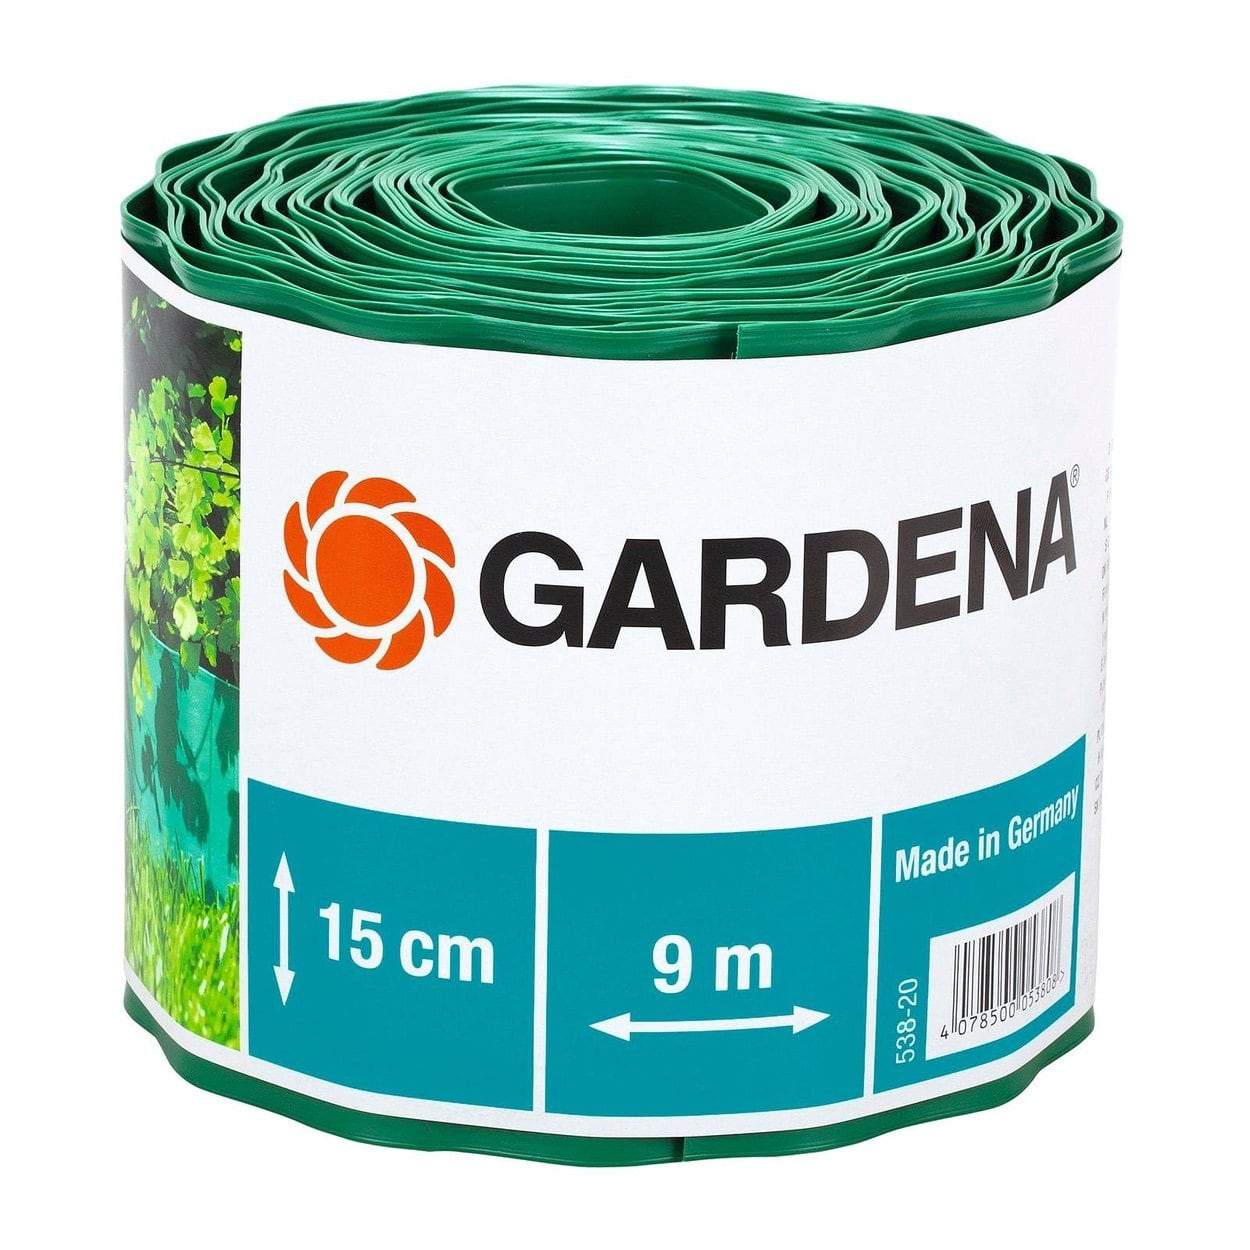 Photo of Gardena G-538 Lawn Edging 15Cm High
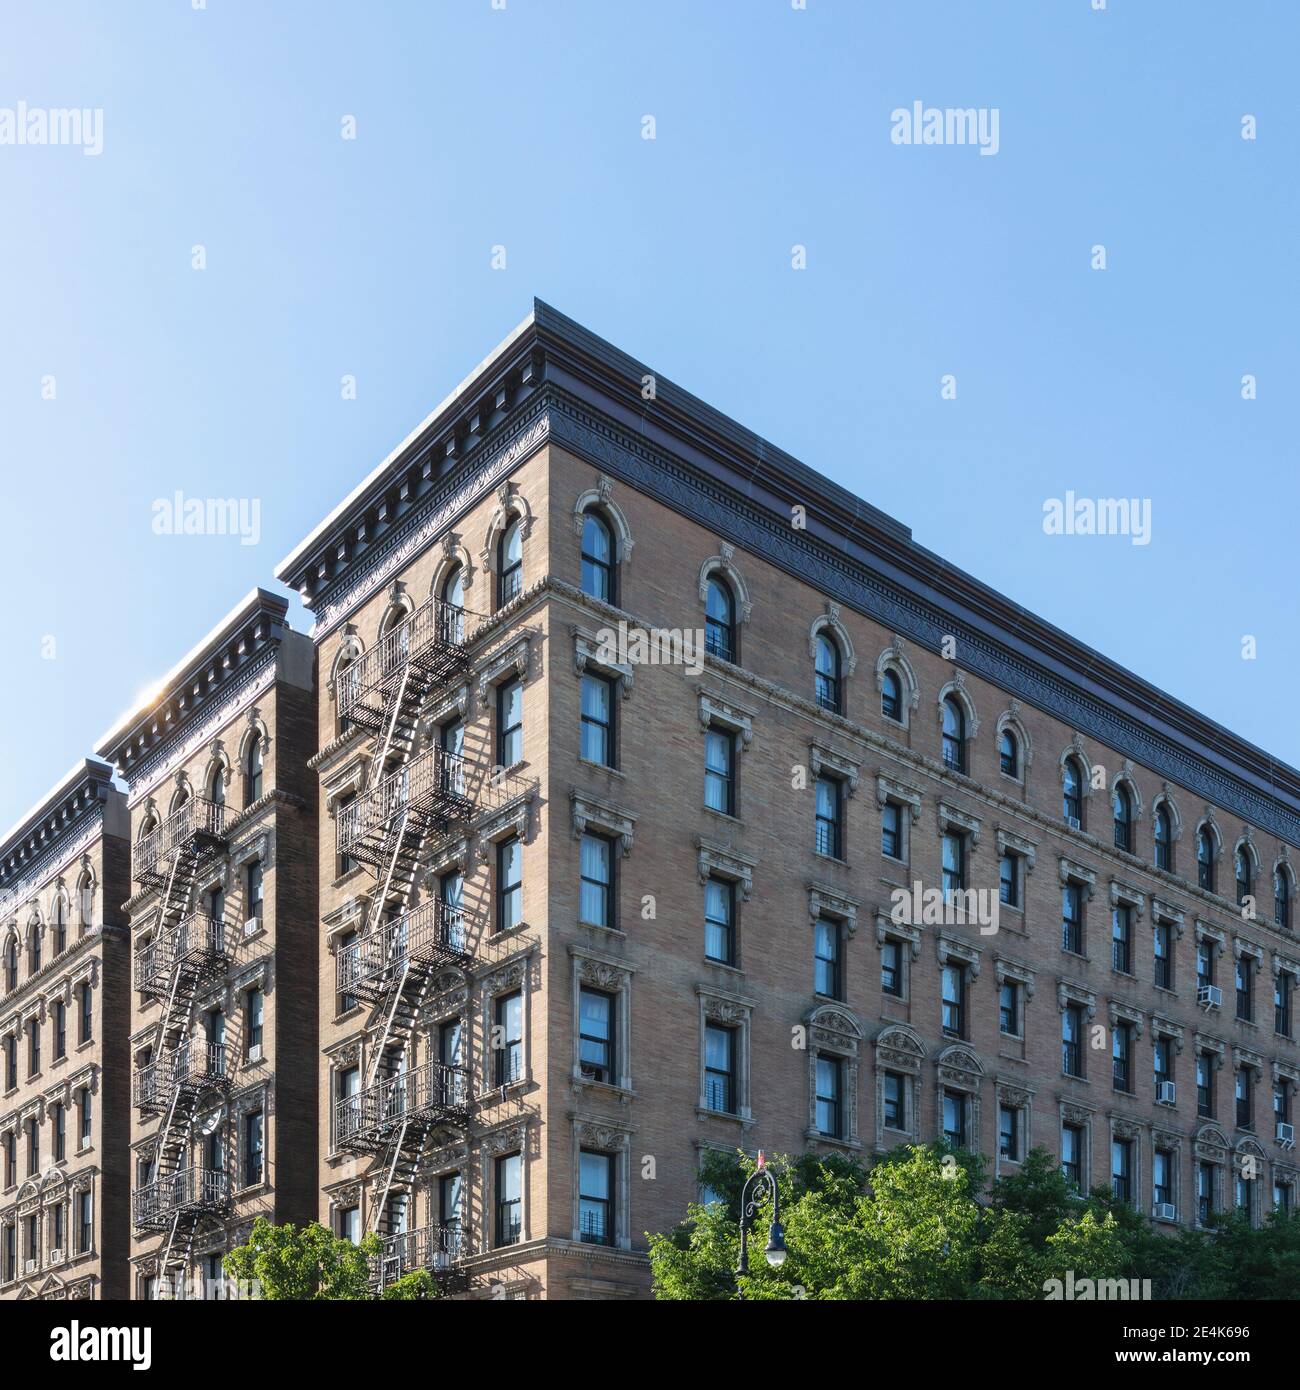 USA, New York, New York City, Apartment building exterior in Harlem Stock Photo
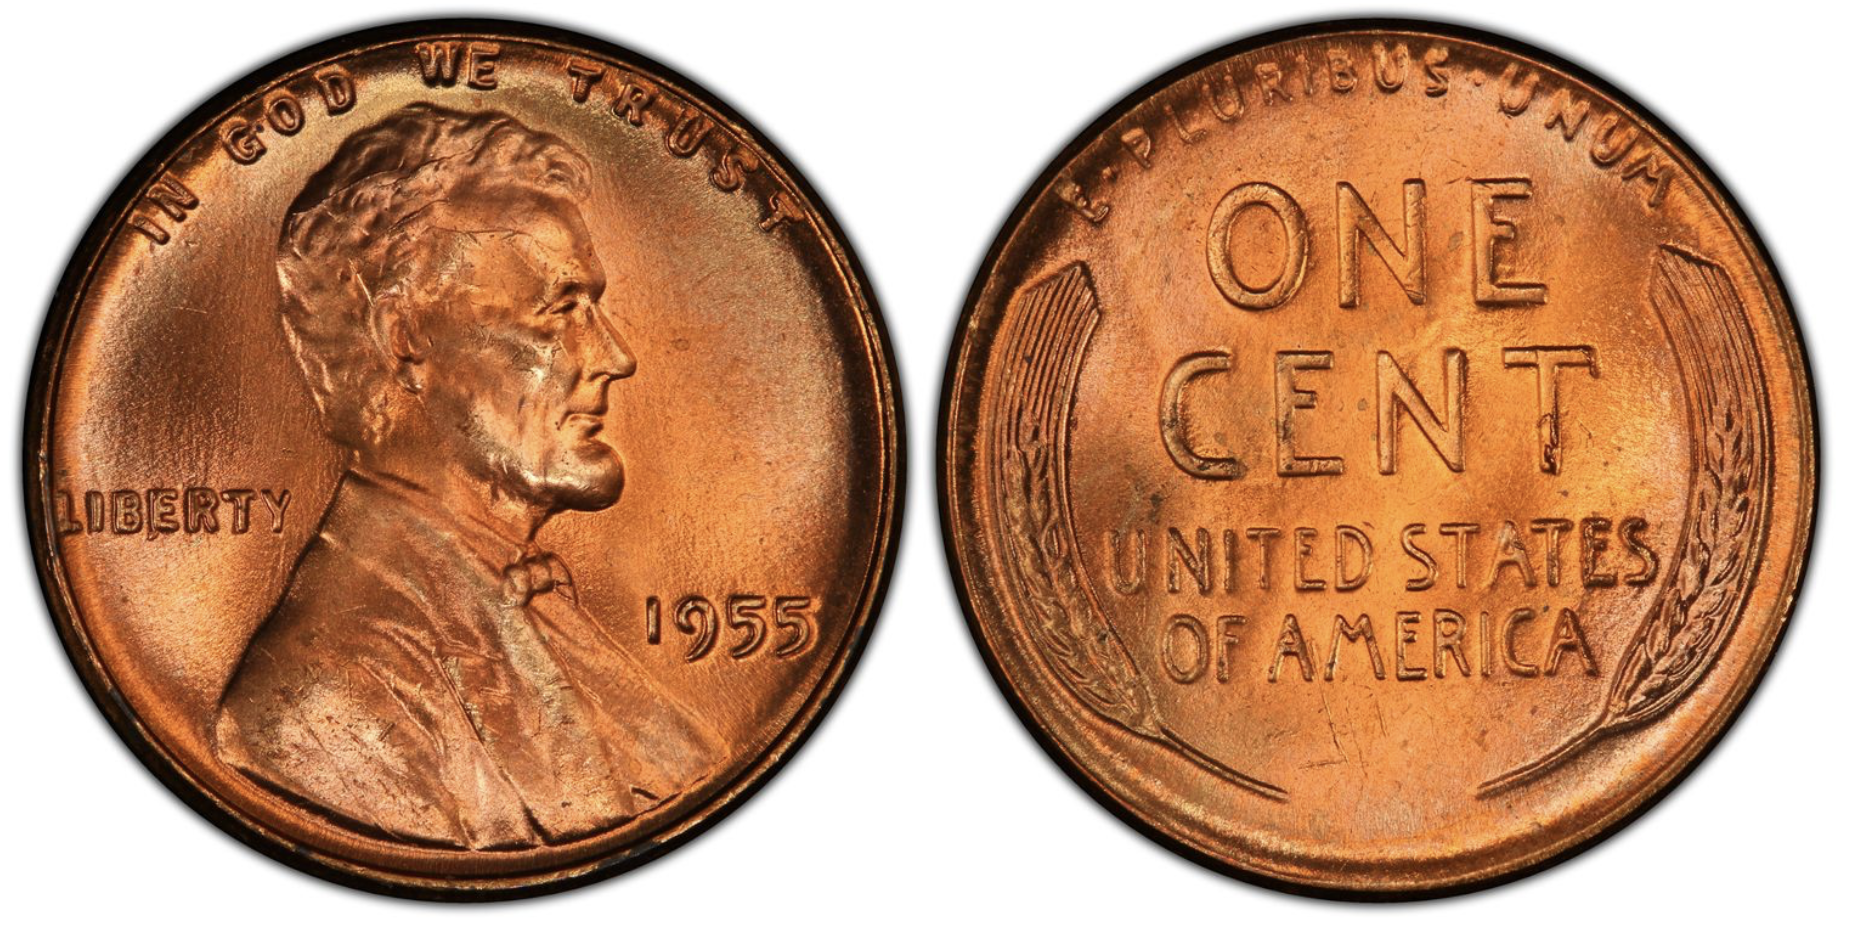 1955 wheat penny value
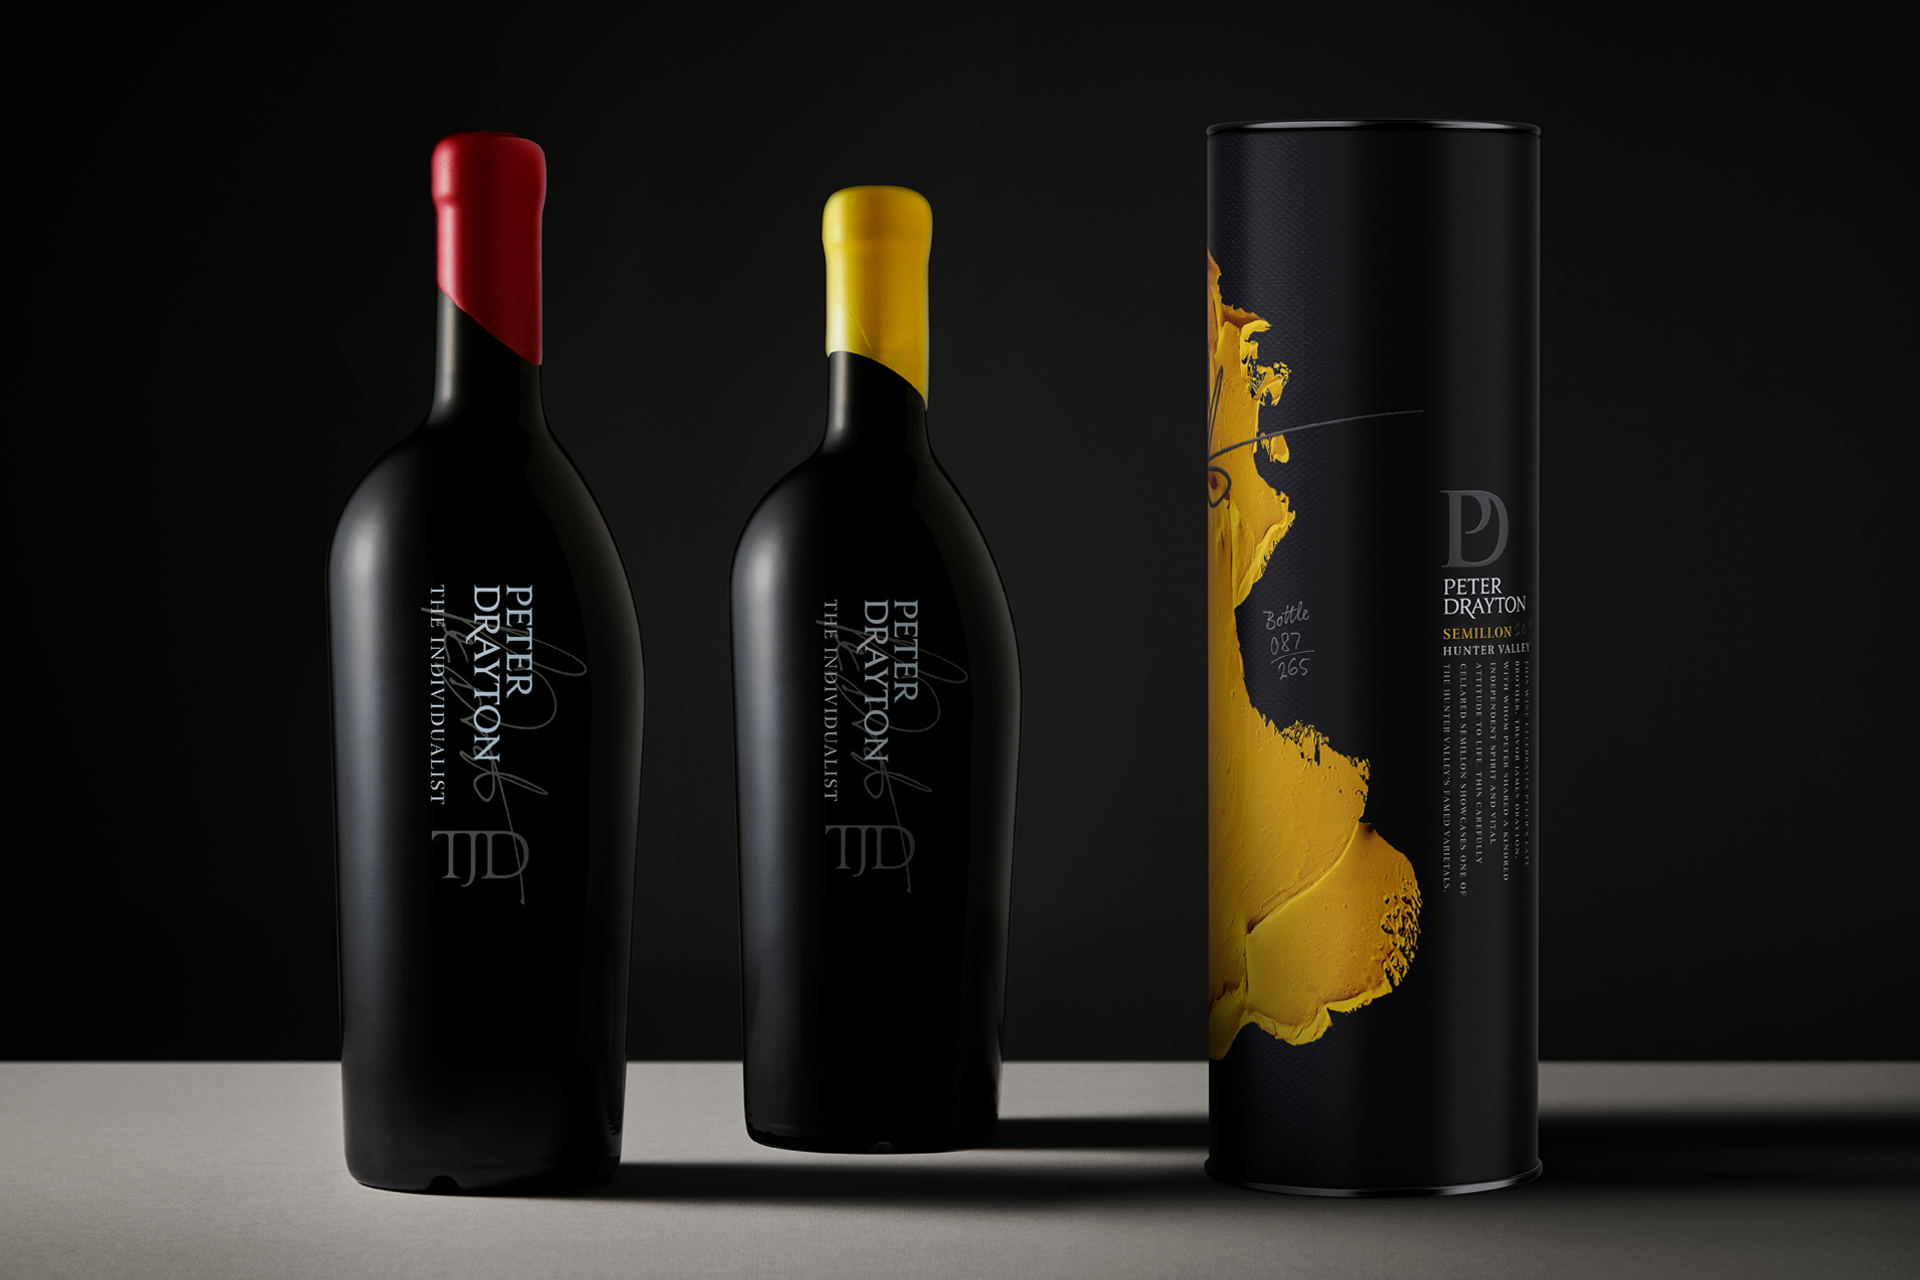 Ultra-Premium Wines in Honour of Trevor James Drayton (TJD) The Individualist

◇ ◇ ◇ ◇ ◇

### Task requirements
Any picture in the listing above gets left out; output the rest exactly.

### Response to the task
 Photo of Gardena G-538 Lawn Edging 15Cm High
 USA, New York, New York City, Apartment building exterior in Harlem Stock Photo
 1955 wheat penny value
 Ultra-Premium Wines in Honour of Trevor James Drayton (TJD) The Individualist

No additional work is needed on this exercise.